The "bigger" niche: Those who want to stream high quality audio (above typical lossy codecs MP3, AAC, Ogg, etc.)

 

The niche in that niche: Those who want to stream at resolutions higher than Redbook.

 

MQA seems to be selling this to record companies as some kind of DRM. From an interview with Spencer Chrislu:

 

It's important, though, to protect the interests of studios. If a studio does their archive at 24-bit/192kHz and then uses that same file as something to sell on a hi-rez site, that is basically giving away the crown jewels upon which their entire business is based.

 

I think Mr.
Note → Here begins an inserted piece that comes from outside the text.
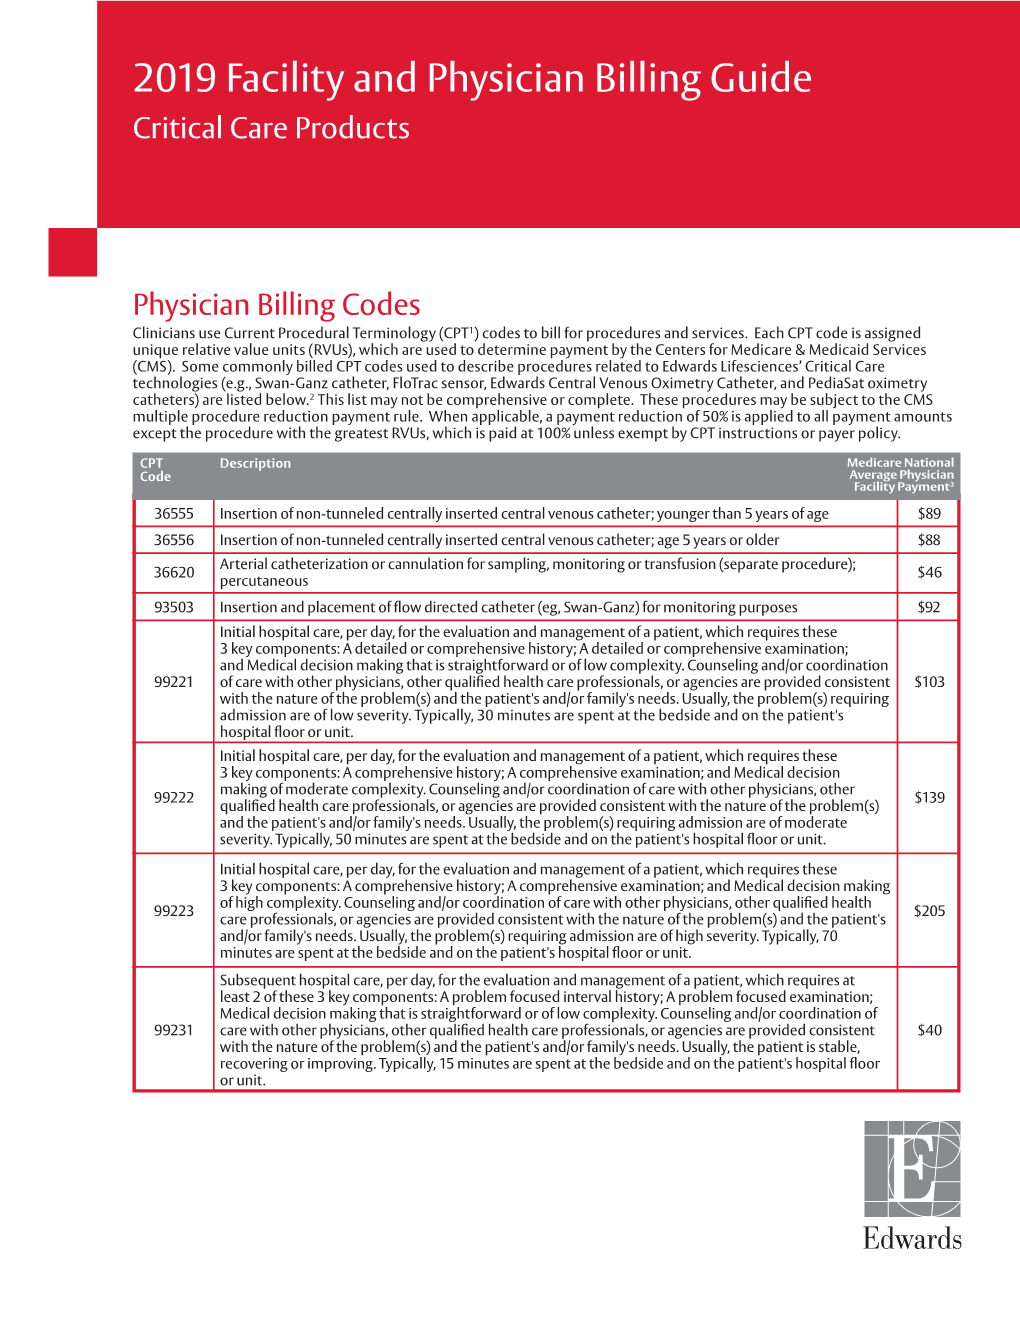 2019 Facility and Physician Billing Guide Critical Care Products

Chrislu is misinformed about HDTracks pricing model. :-)

 

Back to the "vaporware" topic, the one thing that MQA doesn't adequately address is their mobile story. As a Tidal HiFi subscriber, I also am able to stream on my mobile phone. So far, MQA has been steadfast that decoding must happen in hardware (hardware that MQA licenses of course). This is not to say there aren't at least some sample implementations of mobile MQA. I have an Onkyo DP-X1 that claims to have an MQA decoder. I downloaded a sample MQA file from 2L and the equivalent PCM file. I liked the PCM file better. YMMV of course.

 

Until MQA can be decoded in pure software, there is no real mobile story. And until MQA does have a solid mobile strategy, it's DOA.

 

And let's not forget that Tidal (for example) still can't make a profit. And it's part of that "bigger" niche. So far, MQA's primary "success" is the number of words that Stereophile has produced with glowing, gushing reviews. Classic vaporware.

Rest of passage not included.